◆ Exercise: Begin at the line that has "Ziploc® Endurables™ Medium", stop after the line that has "Marie Claire Cucina", and print exactly those lines from the records below, without any pictures.

◆ Exercise inputs:

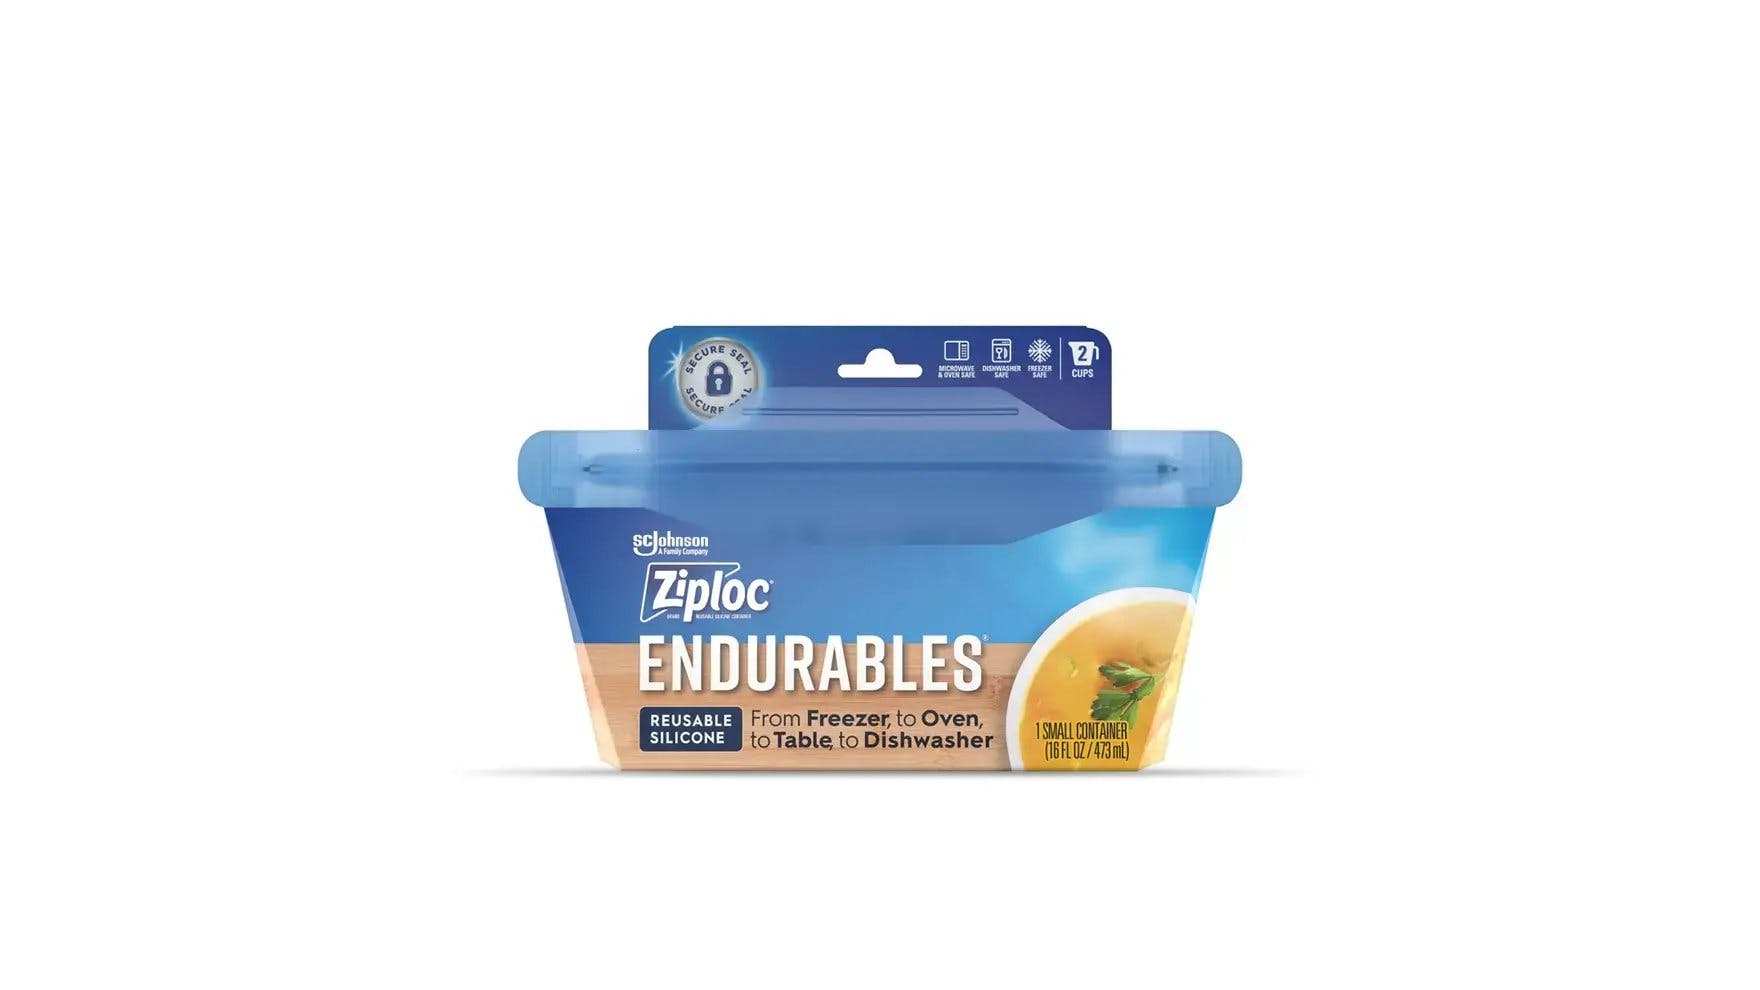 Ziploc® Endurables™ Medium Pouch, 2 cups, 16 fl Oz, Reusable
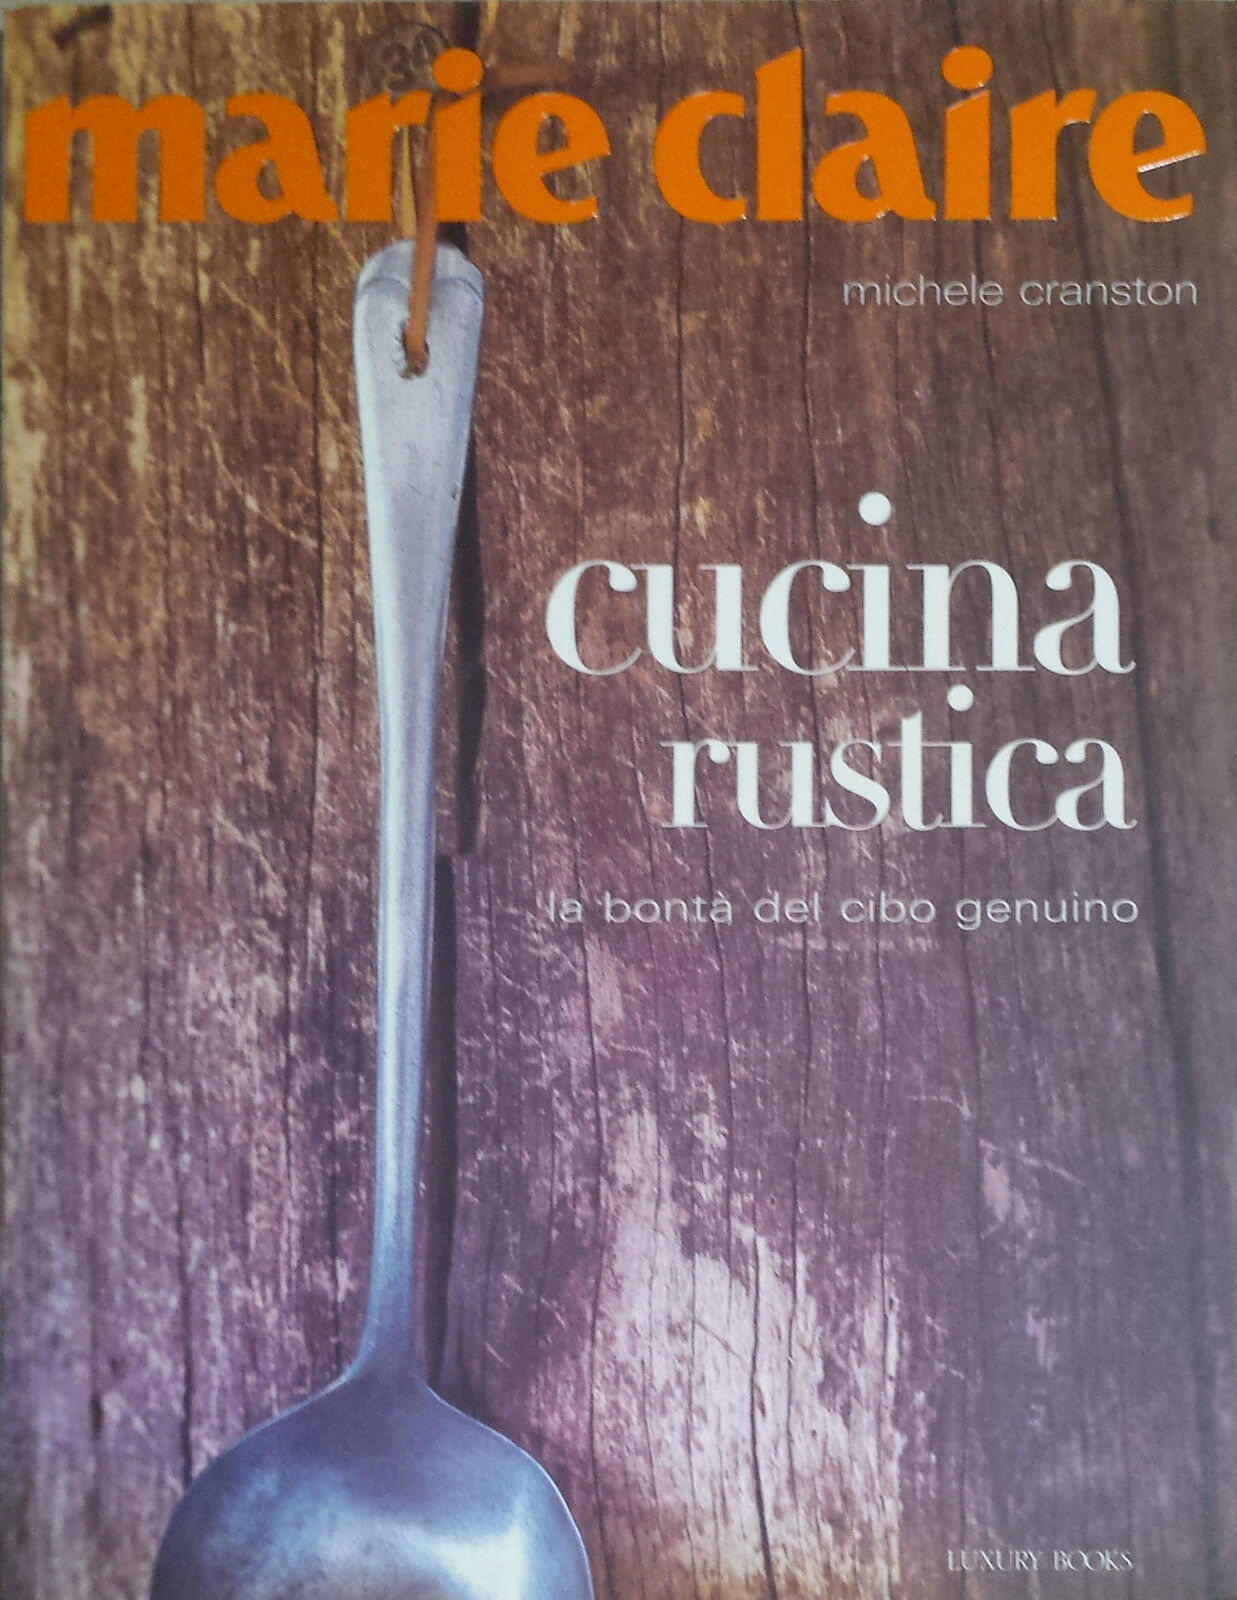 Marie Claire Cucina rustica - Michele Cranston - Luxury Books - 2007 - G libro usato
...
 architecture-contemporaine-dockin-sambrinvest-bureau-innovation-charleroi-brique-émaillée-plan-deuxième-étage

◆ Task response:
 Ziploc® Endurables™ Medium Pouch, 2 cups, 16 fl Oz, Reusable
 Marie Claire Cucina rustica - Michele Cranston - Luxury Books - 2007 - G libro usato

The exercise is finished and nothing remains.